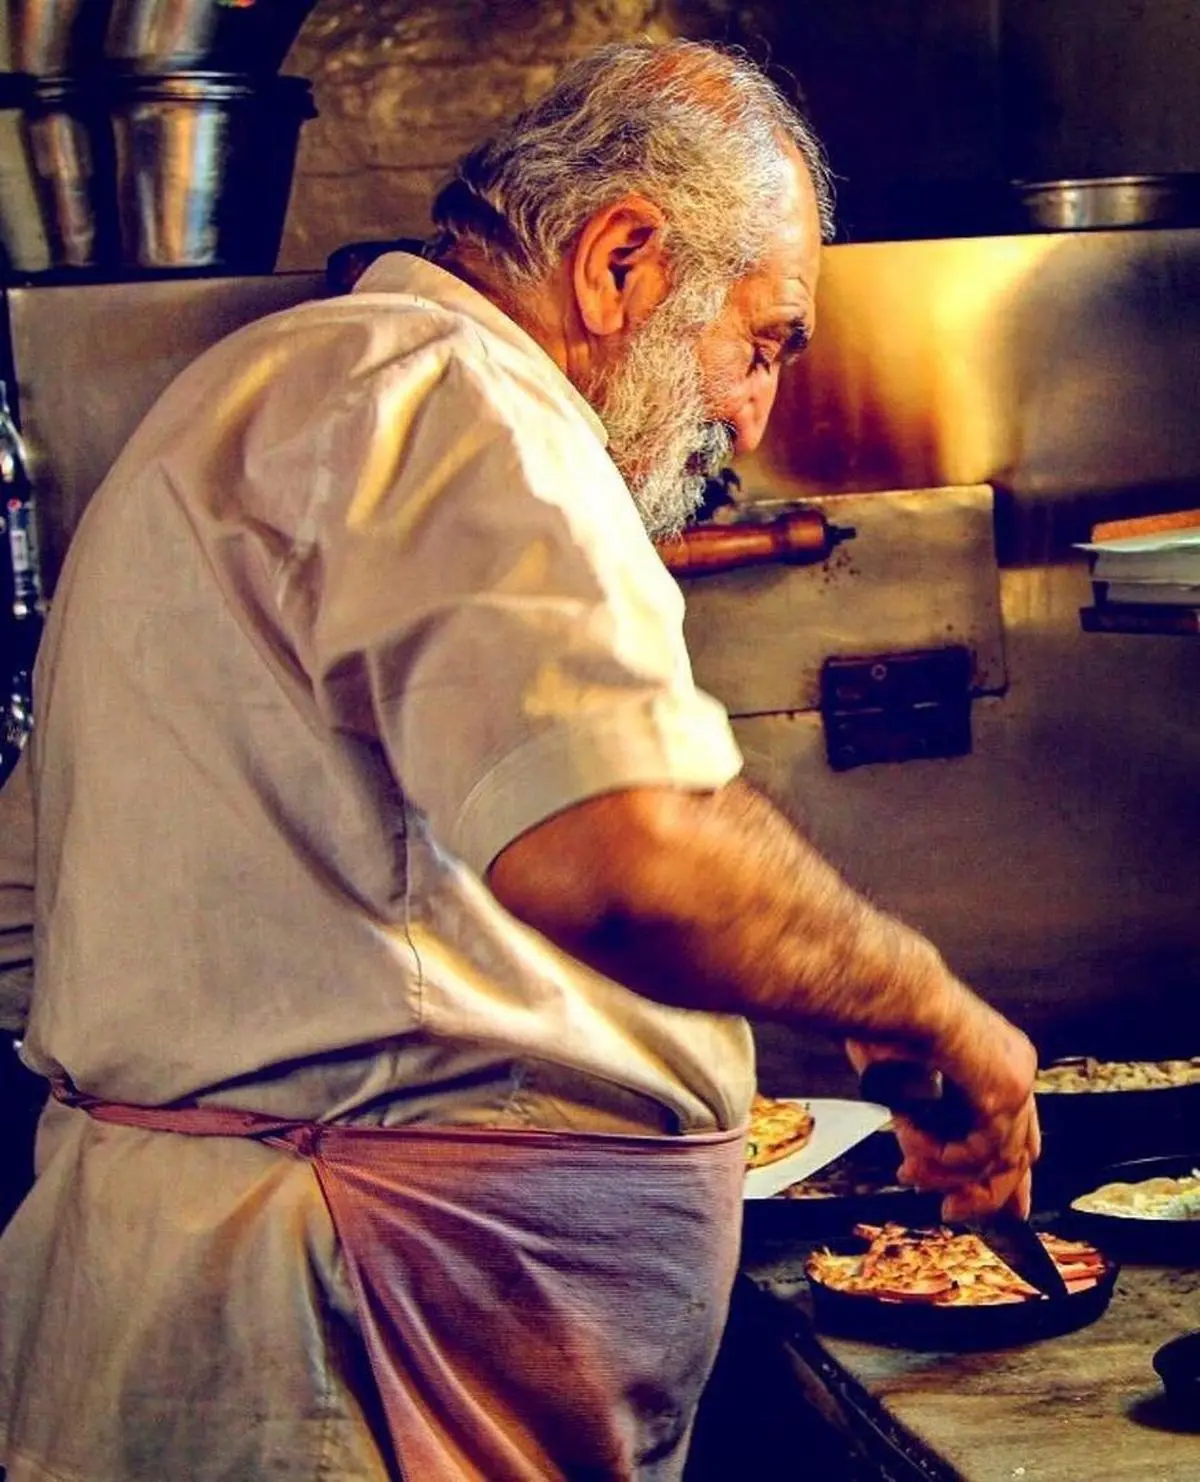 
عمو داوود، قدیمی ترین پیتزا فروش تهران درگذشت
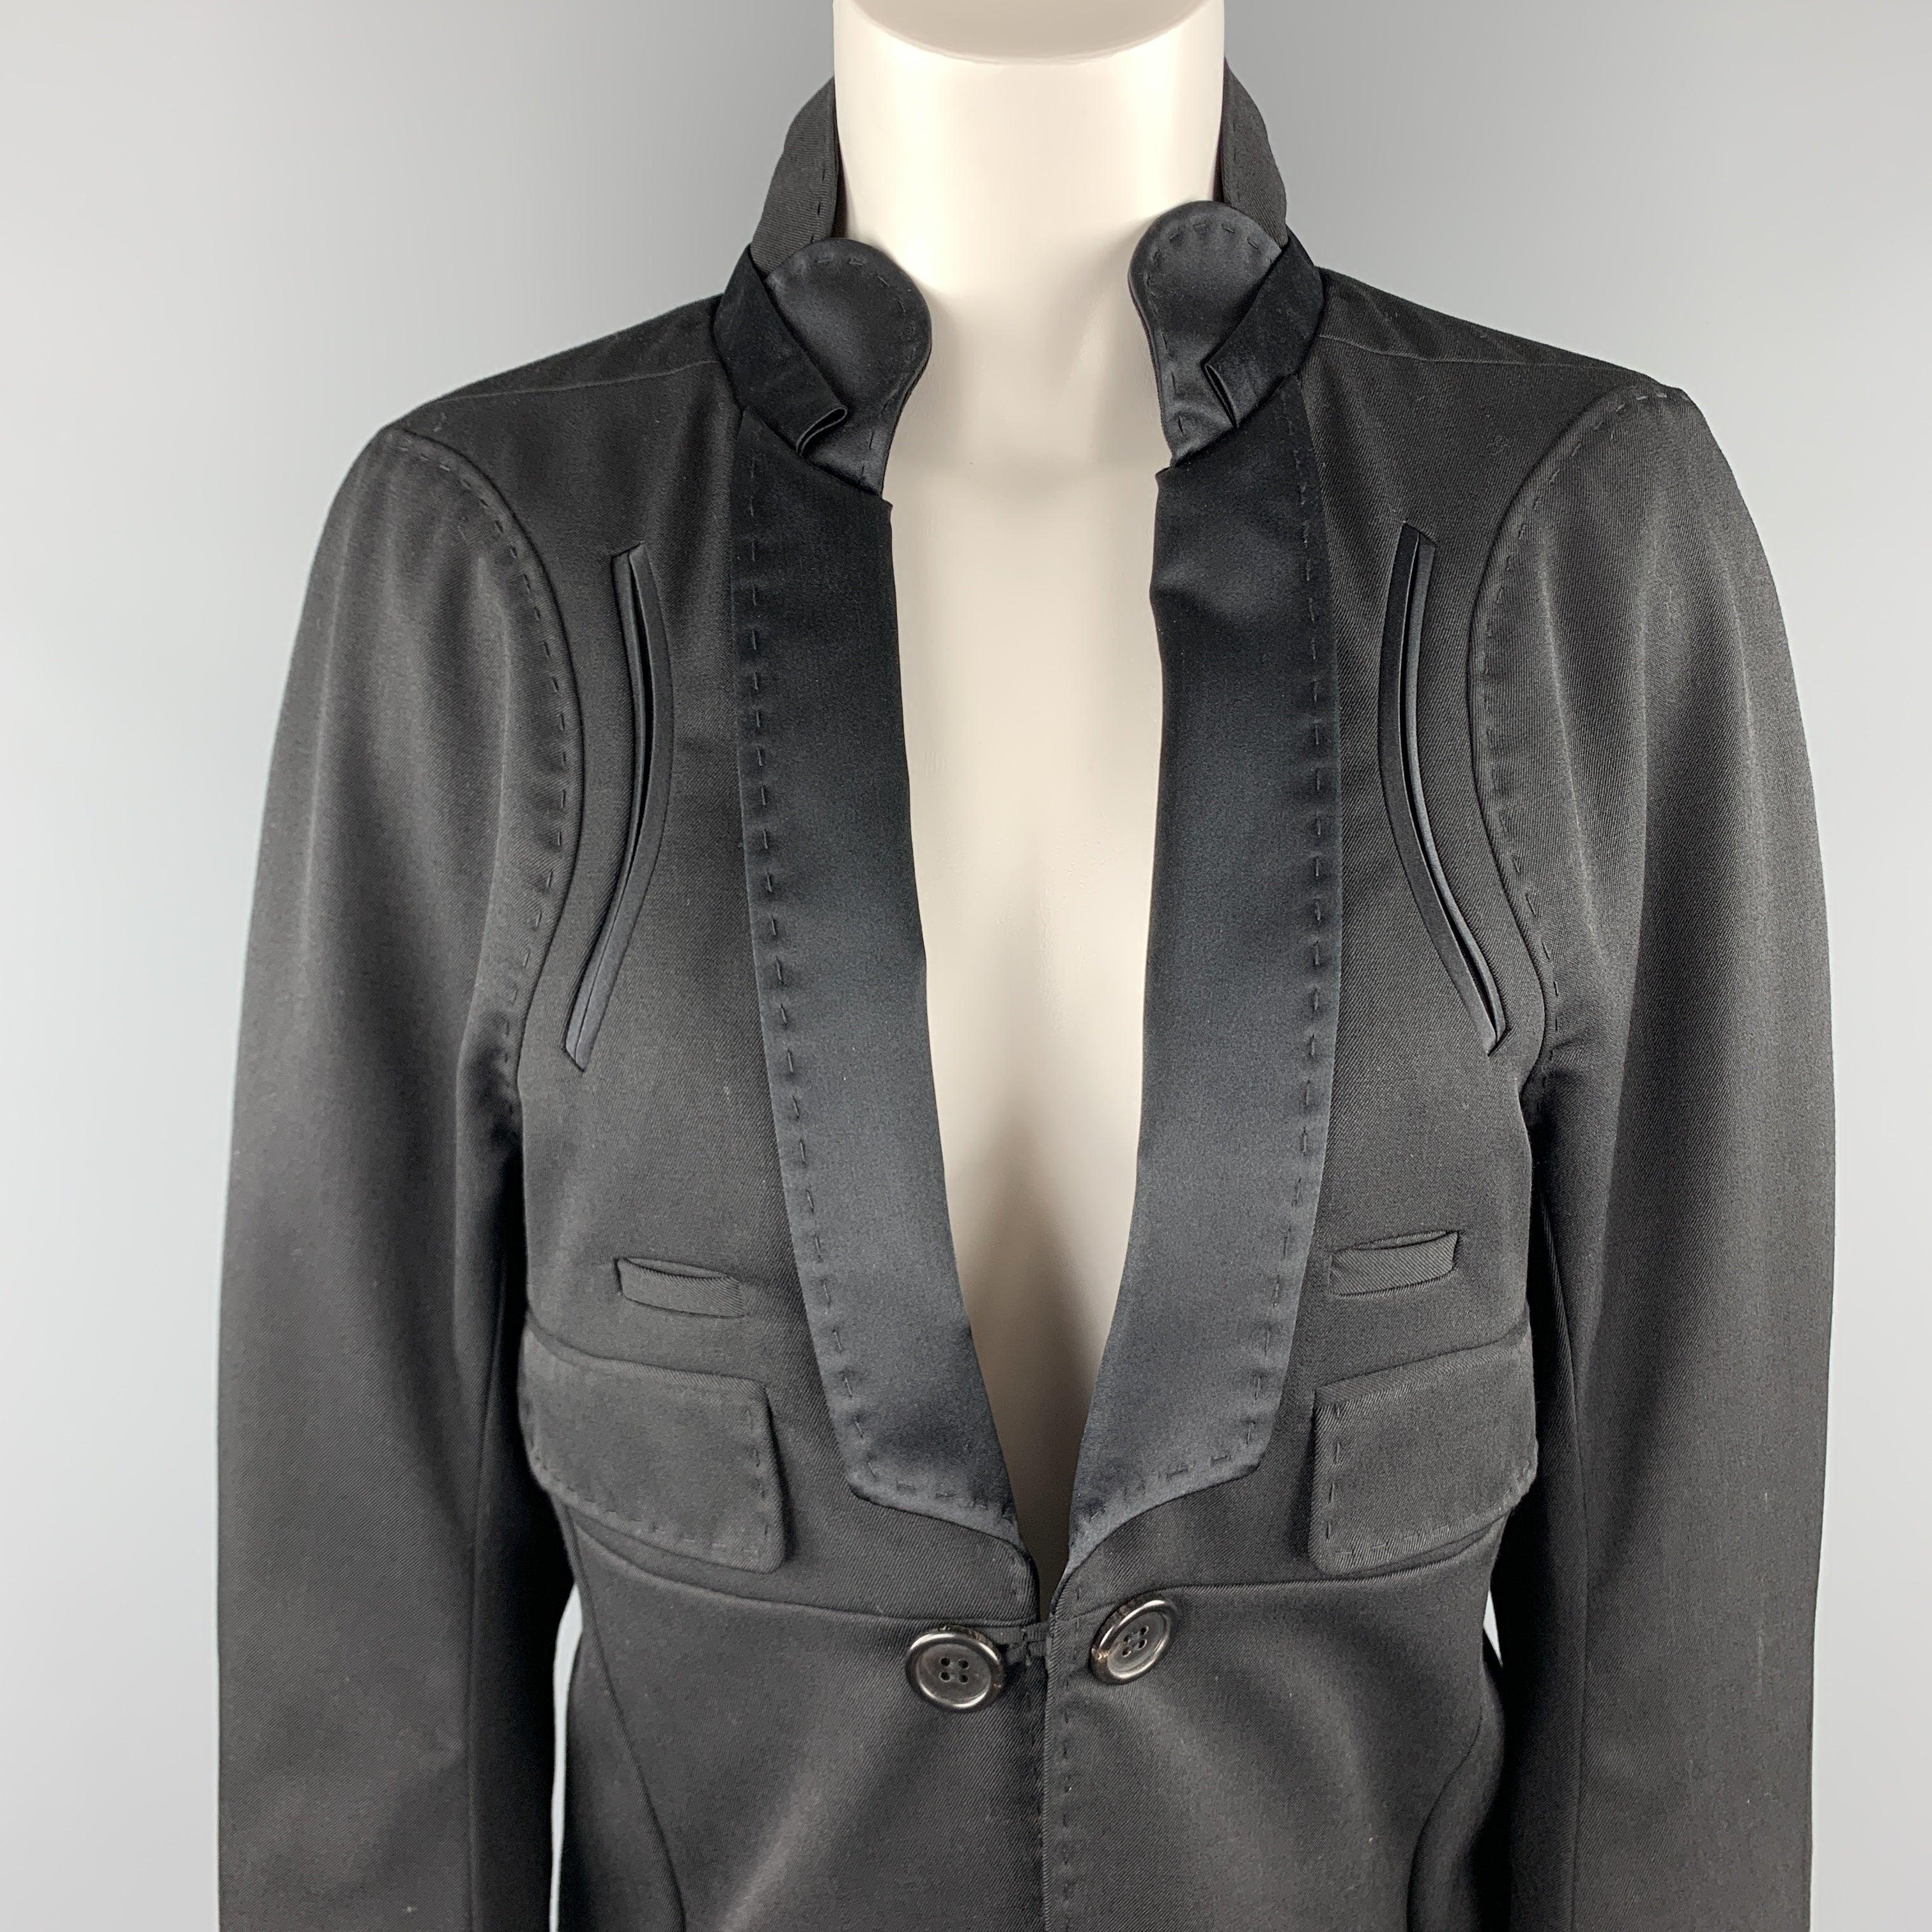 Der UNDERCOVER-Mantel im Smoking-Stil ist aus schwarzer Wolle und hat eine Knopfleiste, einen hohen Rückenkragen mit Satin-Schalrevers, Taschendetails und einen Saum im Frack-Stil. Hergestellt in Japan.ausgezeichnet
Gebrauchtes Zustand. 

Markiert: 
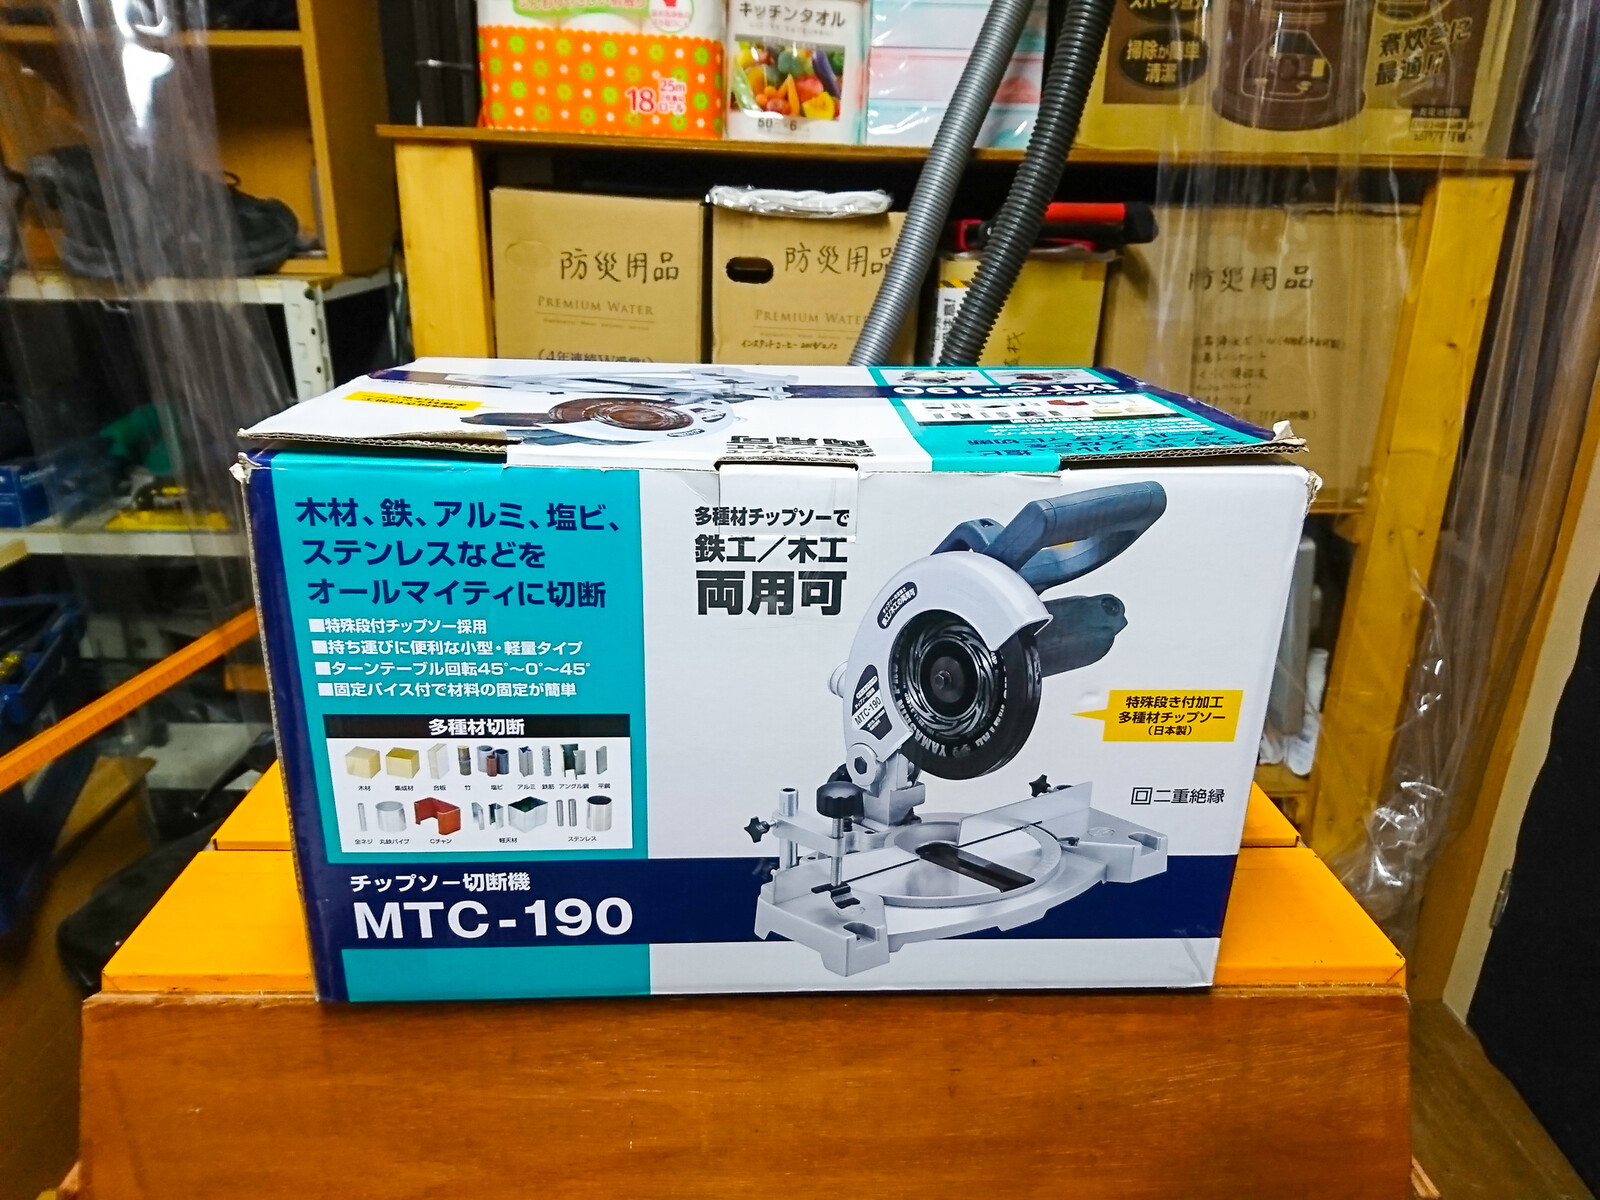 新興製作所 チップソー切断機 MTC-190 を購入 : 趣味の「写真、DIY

▸ **Problem requirements**: Each record should be written out again exactly, though without its pictures.

▸ **Output for this task**:
عمو داوود، قدیمی ترین پیتزا فروش تهران درگذشت
 Der UNDERCOVER-Mantel im Smoking-Stil ist aus schwarzer Wolle und hat eine Knopfleiste, einen hohen Rückenkragen mit Satin-Schalrevers, Taschendetails und einen Saum im Frack-Stil. Hergestellt in Japan.ausgezeichnet
Gebrauchtes Zustand. 

Markiert: 
 新興製作所 チップソー切断機 MTC-190 を購入 : 趣味の「写真、DIY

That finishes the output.